-- EXERCISE REQUIREMENTS --
In the material below, find the span from the line with "PINK SHRIMP" to the line with "Homemania - HOMEMANIA" and transcribe only those lines, exactly, ends included, without the pictures.

-- INPUT MATERIAL --
--- START ---

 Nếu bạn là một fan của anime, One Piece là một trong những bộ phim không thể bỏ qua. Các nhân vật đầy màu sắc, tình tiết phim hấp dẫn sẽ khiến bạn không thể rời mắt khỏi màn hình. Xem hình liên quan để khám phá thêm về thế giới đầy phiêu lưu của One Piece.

--- END ---
--- START ---

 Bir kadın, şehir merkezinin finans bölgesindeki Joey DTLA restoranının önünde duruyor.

--- END ---
--- START ---

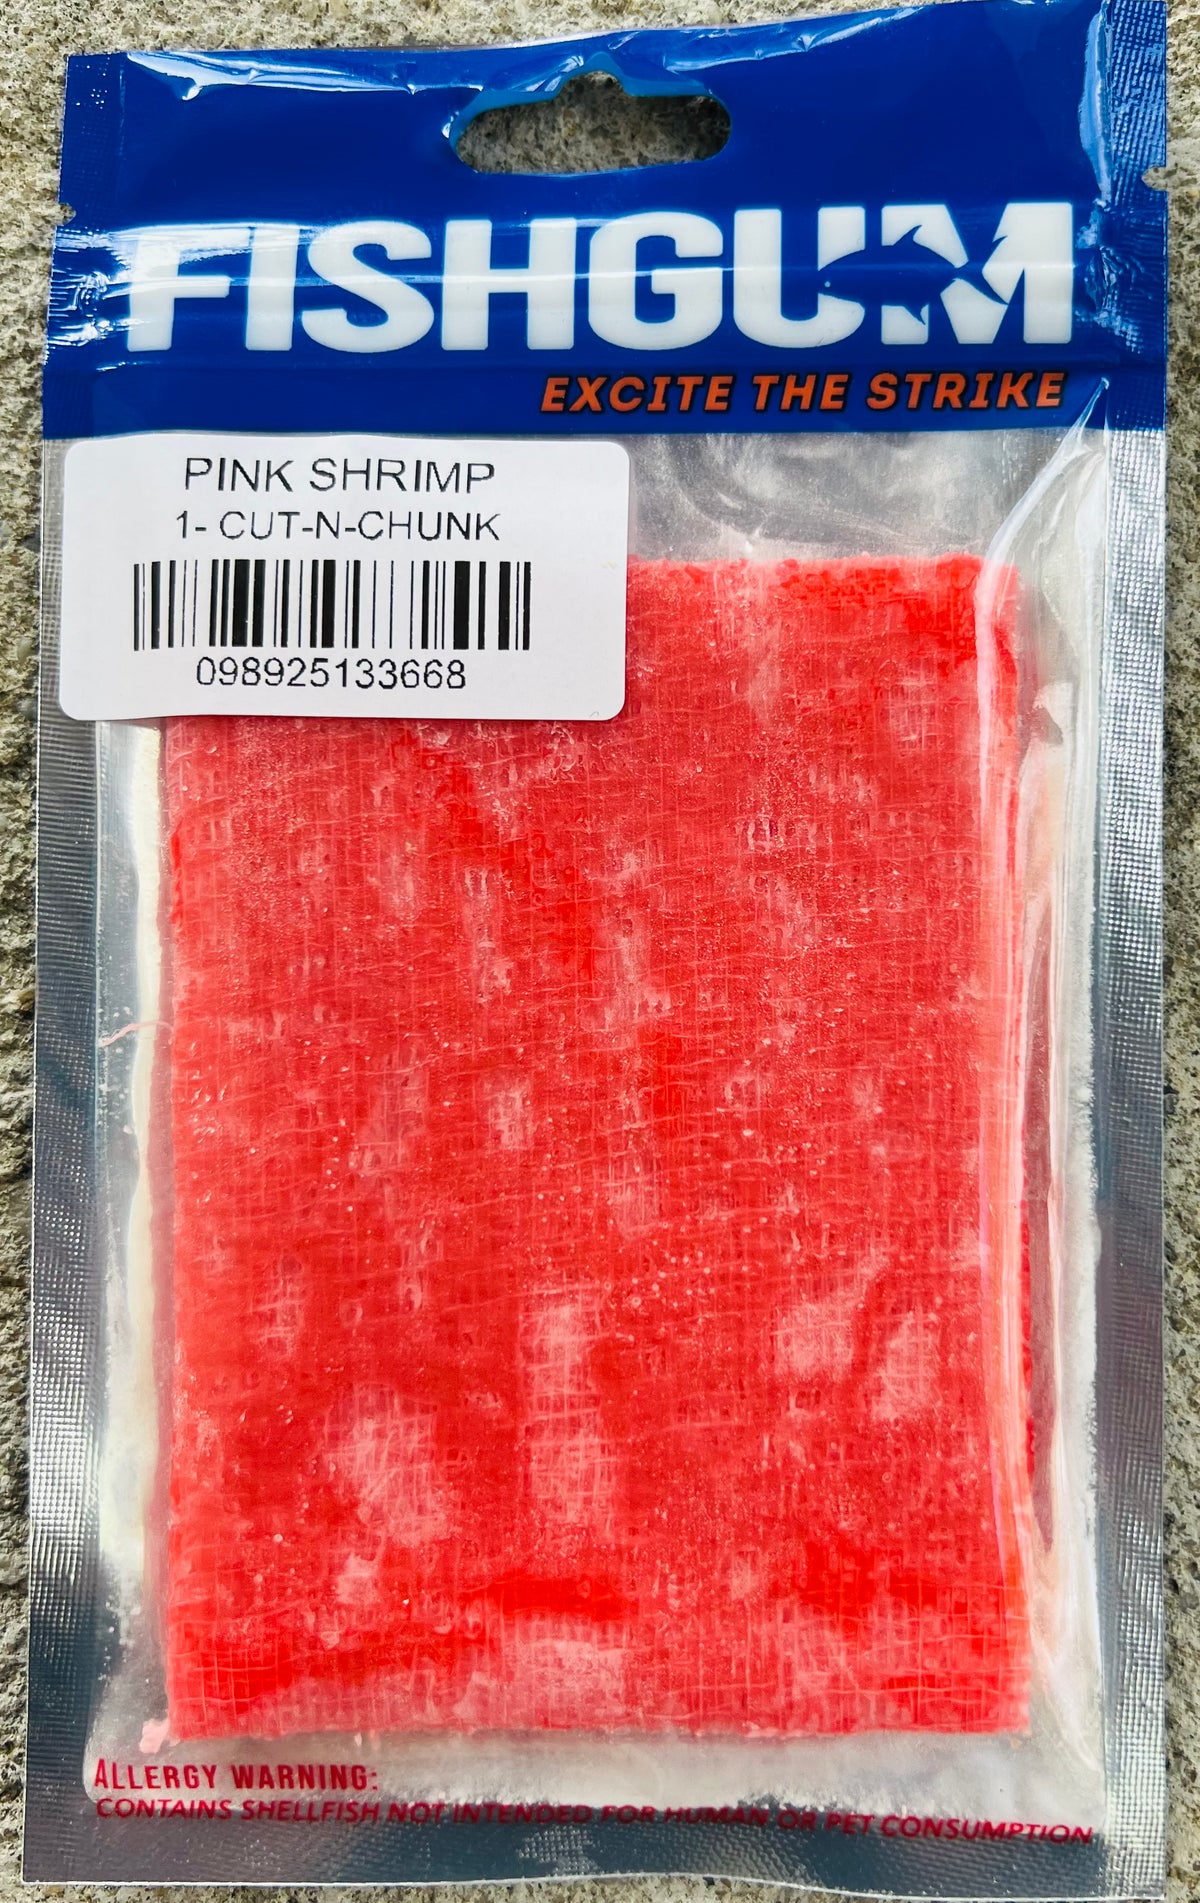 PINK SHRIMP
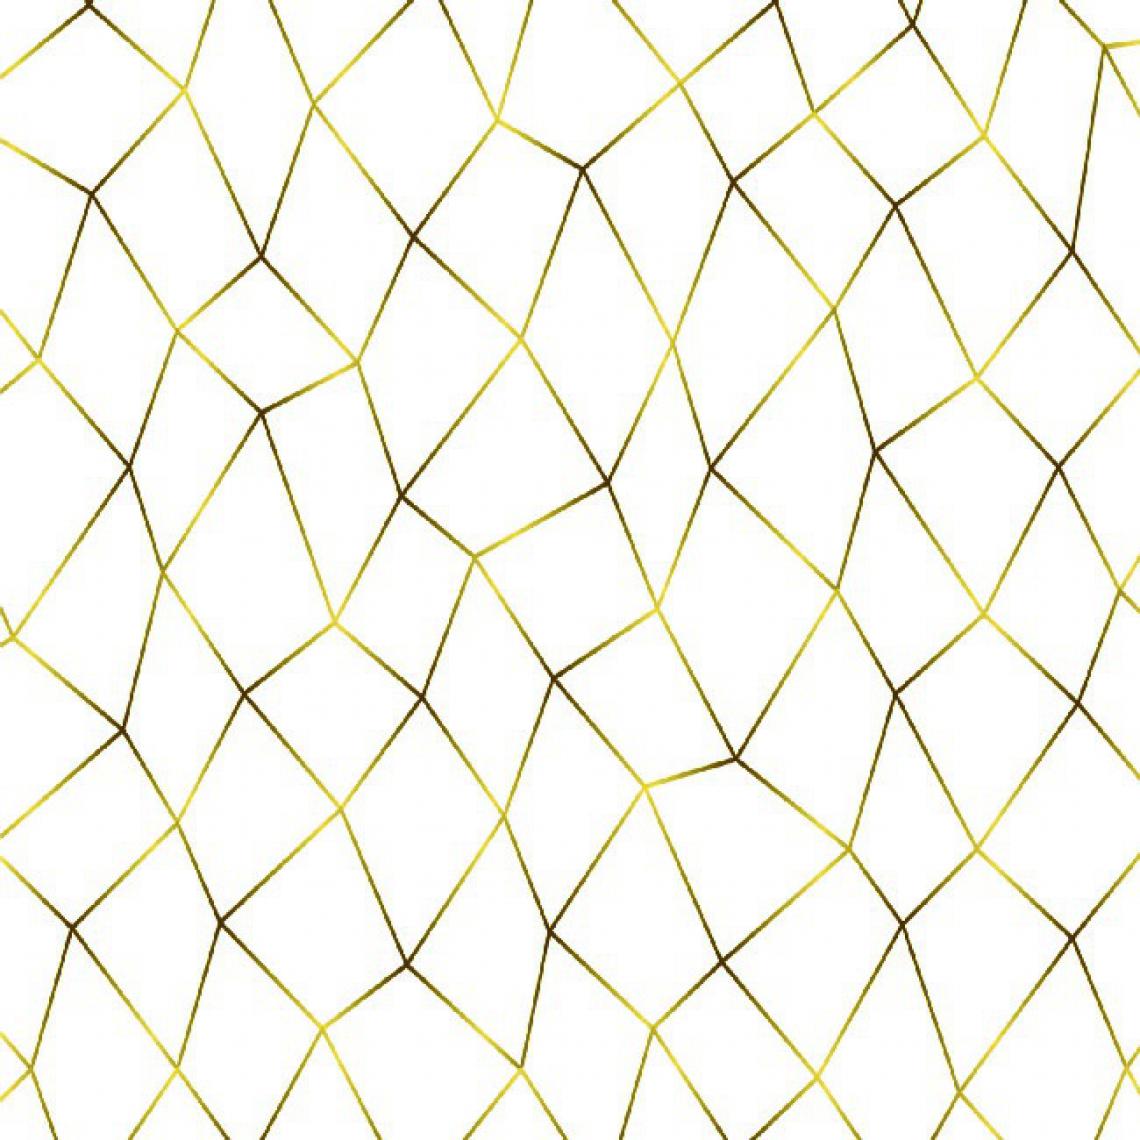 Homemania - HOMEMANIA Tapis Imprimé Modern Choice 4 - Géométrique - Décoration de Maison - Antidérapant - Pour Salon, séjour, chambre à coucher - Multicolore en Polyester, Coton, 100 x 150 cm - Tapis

--- END ---

-- TASK ANSWER --
 PINK SHRIMP
 Homemania - HOMEMANIA Tapis Imprimé Modern Choice 4 - Géométrique - Décoration de Maison - Antidérapant - Pour Salon, séjour, chambre à coucher - Multicolore en Polyester, Coton, 100 x 150 cm - Tapis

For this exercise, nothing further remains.